10.4 No waiver by any party of any default in the strict and literal performance of or compliance with any provision, condition or requirement herein shall be deemed to be:
(a) a waiver of strict and literal performance of and compliance with any other provisions, conditions, or requirement herein;
(b) a waiver of or in any other manner release any party from strict compliance with any provision, condition or requirement in the future.
10.5 This document
(a) is governed by the law of the State of New South Wales and each of the parties irrevocably submits to the nonexclusive jurisdiction of the State of New South Wales;
(b) may not be modified, amended, added to or otherwise varied except by a document in writing executed by all of the parties;’
(c) shall endure for the benefit of and be binding upon the parties hereto and their respective successors and assigns;
(d) may not be assigned by any party without the prior written consent of all of the parties; and
(e) constitutes the entire agreement between the parties with respect to the subject matter hereof and supersedes and extinguishes all prior agreements or deeds and understandings between the parties.
11.1 The Customer shall not be assign or otherwise transfer any Contracts of any of its rights and obligations hereunder whole or in part without the prior written consent of H2 Tech.
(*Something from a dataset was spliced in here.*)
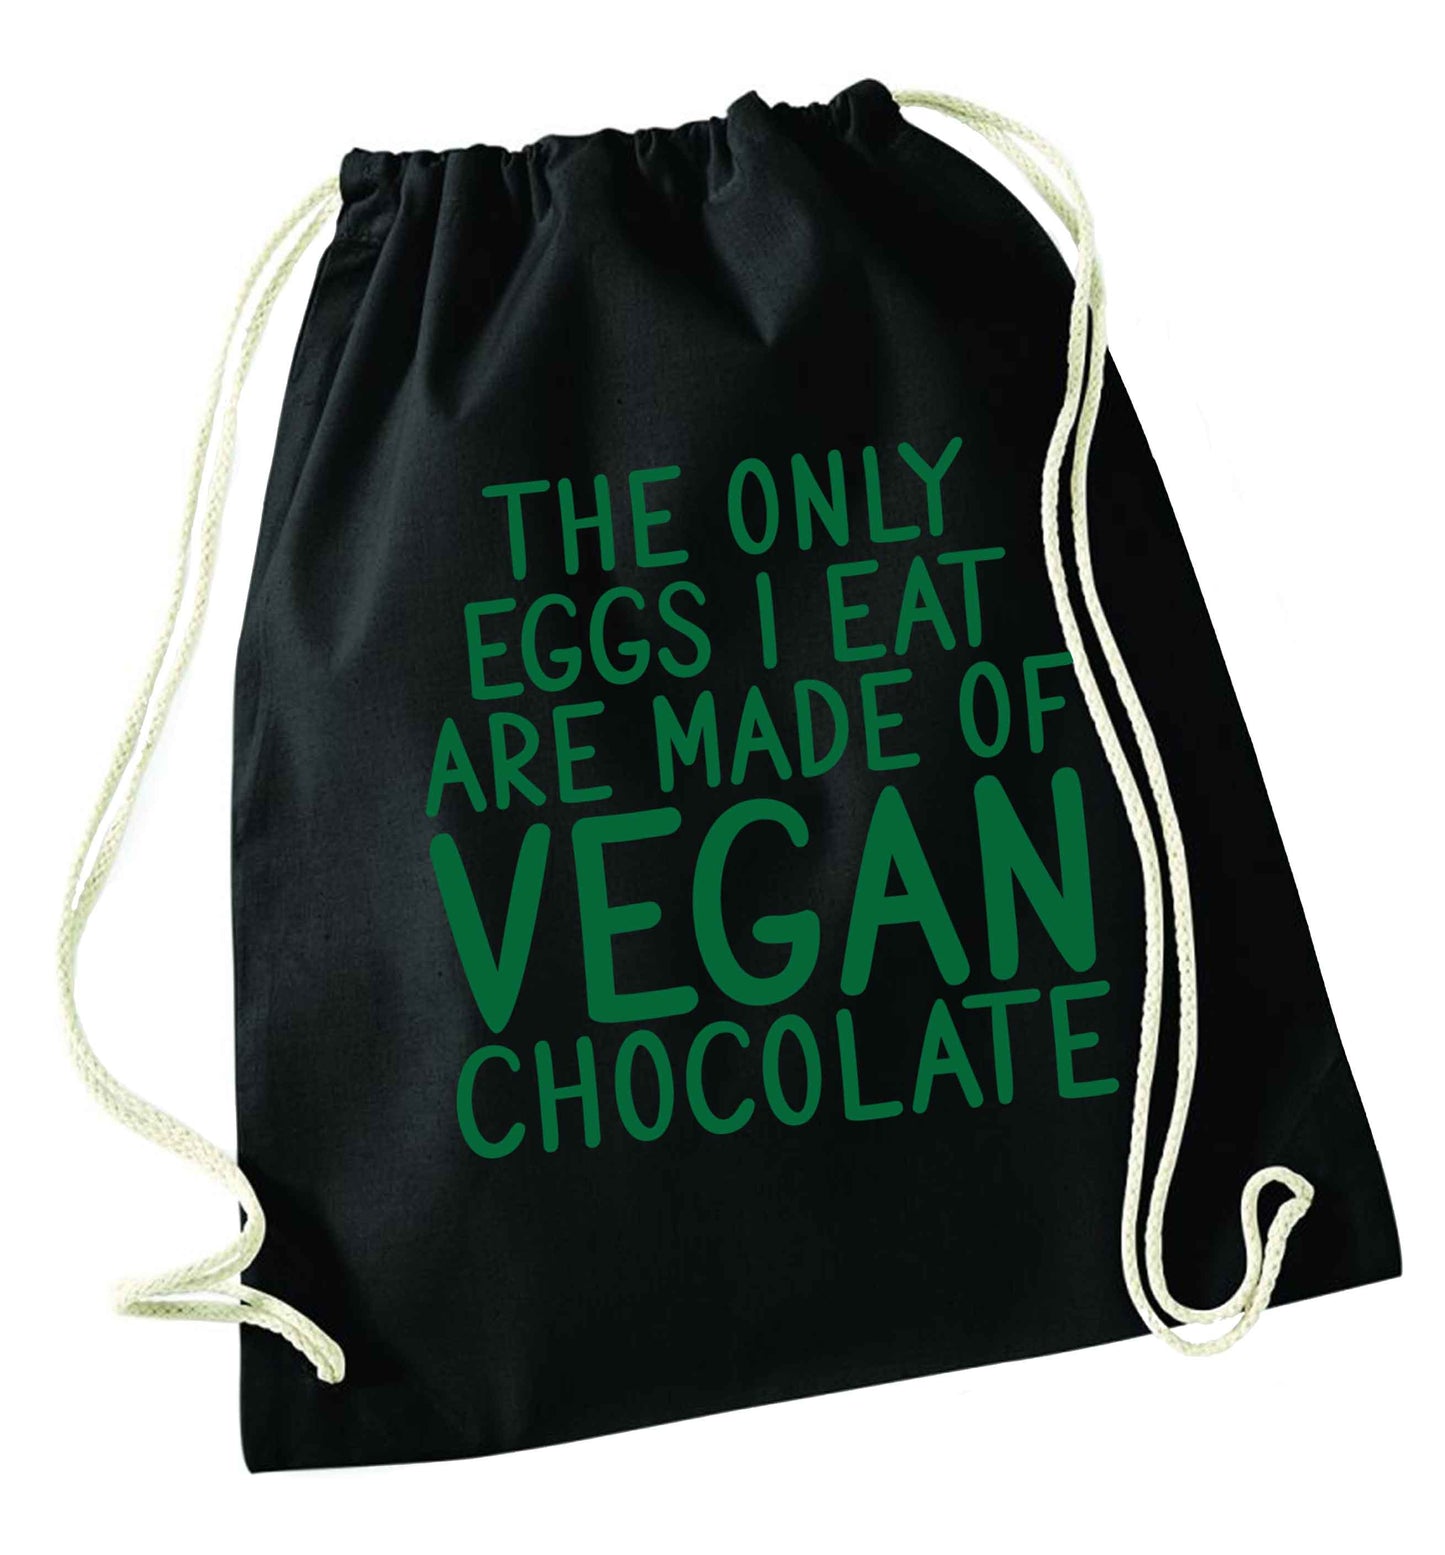 The only eggs I eat are made of vegan chocolate black drawstring bag

Any such unauthorised assignment shall be deemed null and void.
11.2 If any provision of these Terms and Conditions is held by any competent authority to be invalid or unenforceable in whole or in part, the validity of the other provisions of these Terms and Conditions and the remainder of the provisions in question shall not be affected thereby.
11.3 H2 Tech reserves the right to terminate any contract with the Customer including ongoing services agreement without liability or penalty in the event it determines, at its sole discretion that it is appropriate in all the circumstances.